ITEMS FROM THE UNITED KINGDOM
JOHN INNES CENTRE
Norwich Research Park, Colney, Norwich NR4 7UH, United Kingdom.
A new hexaploid wheat mutant exhibiting high homoeologous chromosome
pairing.
J.W. Snape, T.E. Miller, M. Roberts, S.M. Reader, L.J. Fish, T.N. Foote,
and G. Moore.
As part of the strategy to positionally clone the genes controlling homoeologous chromosome pairing in wheat, lines need to be identified that carry deletions of these genes. Such lines then can be used to precisely delimit their chromosomal location.
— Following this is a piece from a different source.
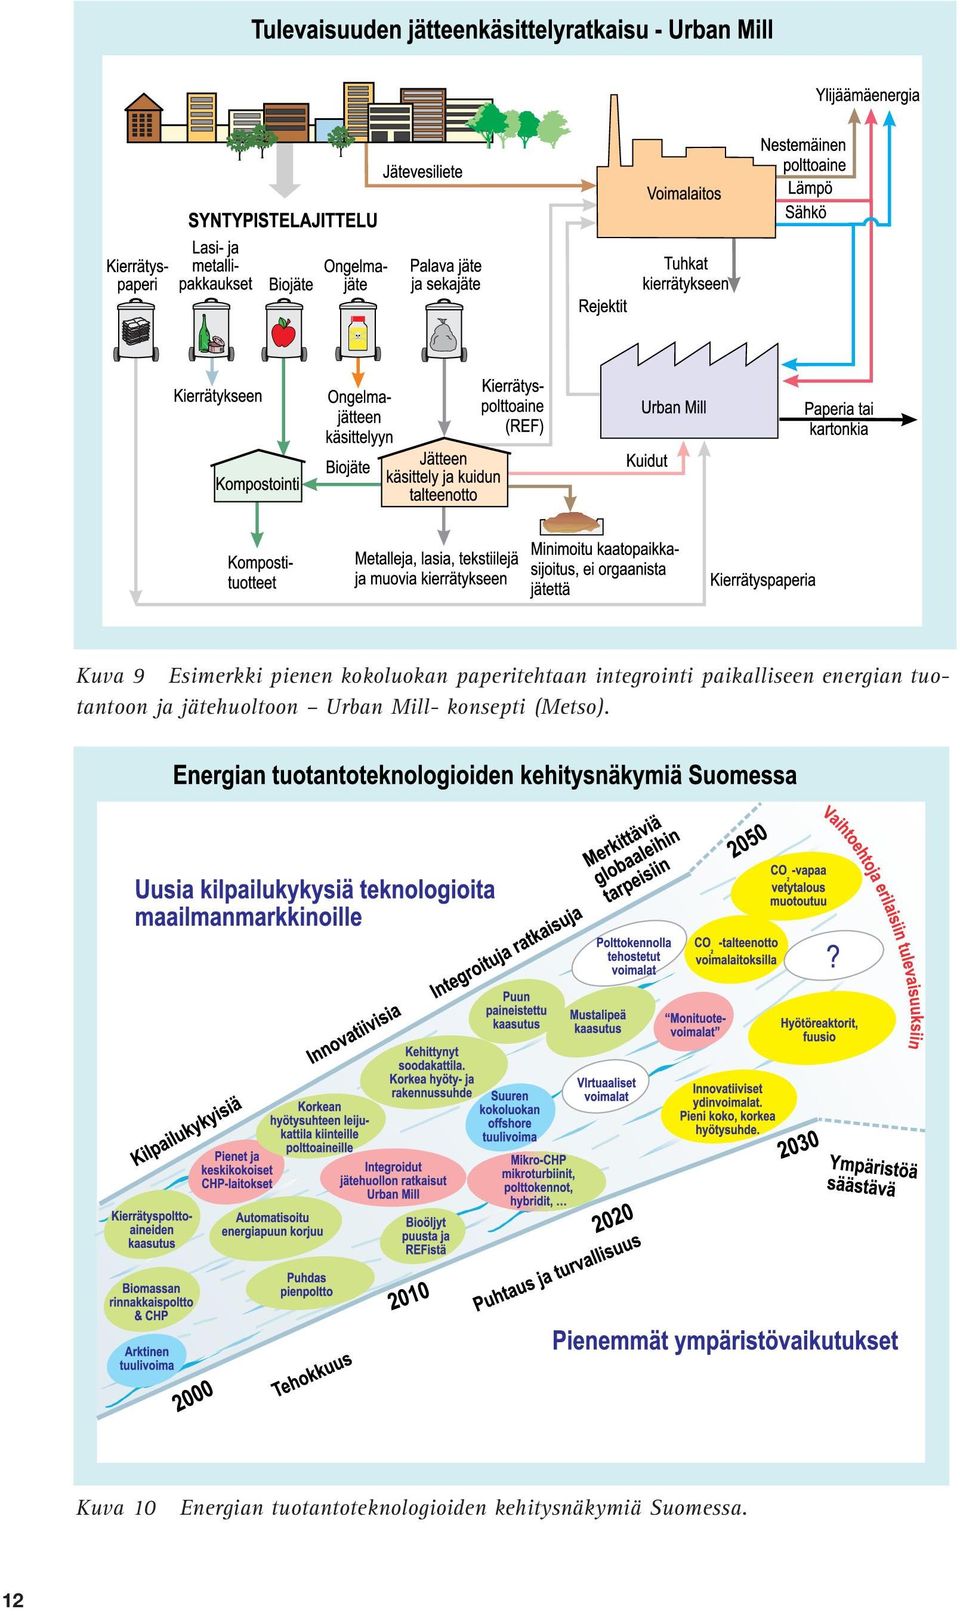 hyödyntämiseen. Bioenergiaosaaminen tarjoaa suomalaisille yrityksille myös hyviä mahdollisuuksia vientimarkkinoilla.

Therefore, approximately 3,000 seed from a Highbury DH line containing a Chinese Spring chromosome 5B substitution were irradiated with fast neutrons, and M2 lines were selected that exhibited reduced fertility. A number of RFLP markers located on the long arm of wheat homoeologous group 5 were turned into PCR-based markers so that individual loci on chromosome 5B could be identified by a simple + or - PCR assay. The lines exhibiting reduced fertility were screened using the PCR-based approach to identify those carrying deletions on chromosome 5BL. One line was identified that was assessed for its level of homoeologous pairing and shown to have a higher level than that observed in the Sears' mutant (ph1b) but equivalent to the homoeologous pairing observed in nullisomic 5B lines. The data suggest that more than one gene (or locus) may controll homoeologous pairing on wheat chromosome 5BL.
Association of homologous chromosomes during floral development in
wheat.
L. Aragón-Alcaide, S.M. Reader, A.F. Beven, P.J. Shaw, T.E. Miller, and G. Moore.
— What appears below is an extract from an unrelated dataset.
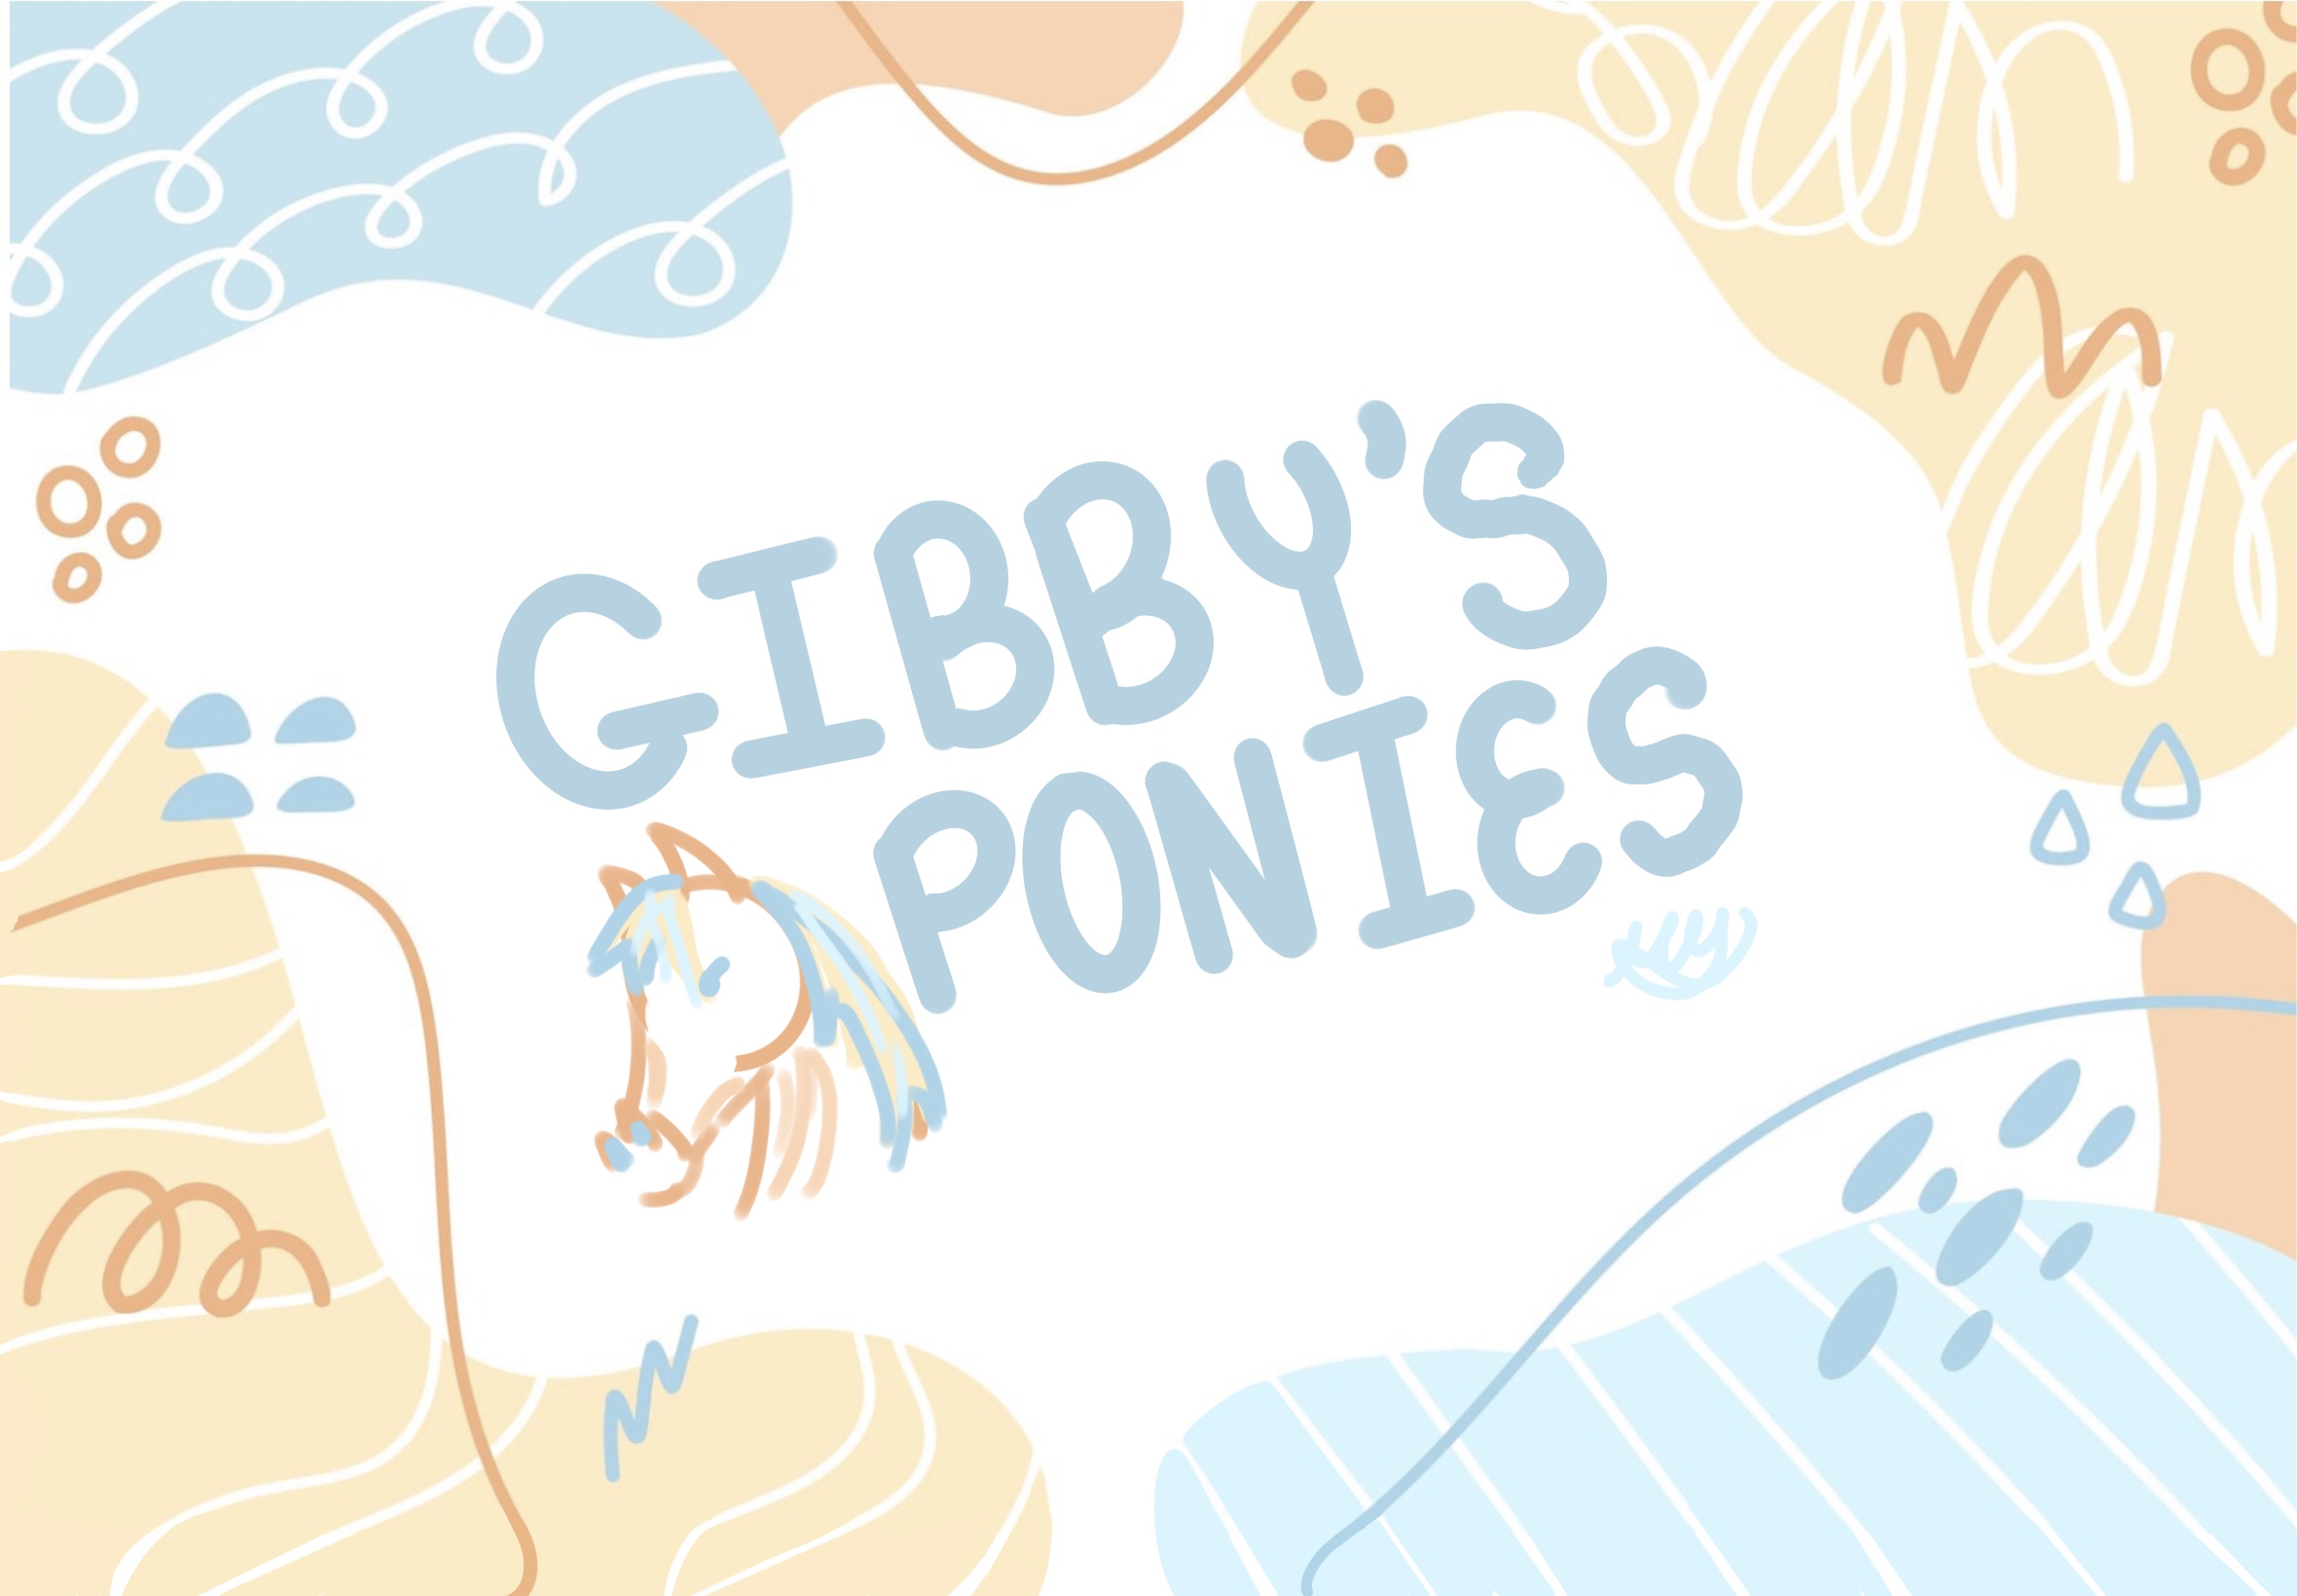 Gibbys Ponies

To study the occurrence of homologous chromosome pairing in wheat, we used vibratome sections of wheat florets to determine the location of homologous chromosomes, centromeres, and telomeres in different cell types of developing anthers. Fluorescent in situ hybridization followed by confocal microscopy demonstrated that during floral development, when the meiocytes and tapetal cells are not distinguishable, homologous chromosomes are not associated. However, at the stage when meiocytes and tapetal cells are visually distinguishable, homologous chromosomes (homologues) associate at their centromeres. Then, during premeiotic interphase, the homologous chromosomes align and associate. The association of homologues surprisingly was observed simultaneously in all the surrounding somatic tapetum cells. In a line lacking 5B, the homologues fail to come together at their centromeres and, hence, fail to align and associate premeiotically. Therefore, they align and associate during meiotic prophase. In a previous study using the centromere as a reporter, we had shown that the loci Ph1 and Ph2 and loci present in Ae. speltoides affect chromatin organization at the centromere, which is consistent with the confocal observations on chromosome pairing.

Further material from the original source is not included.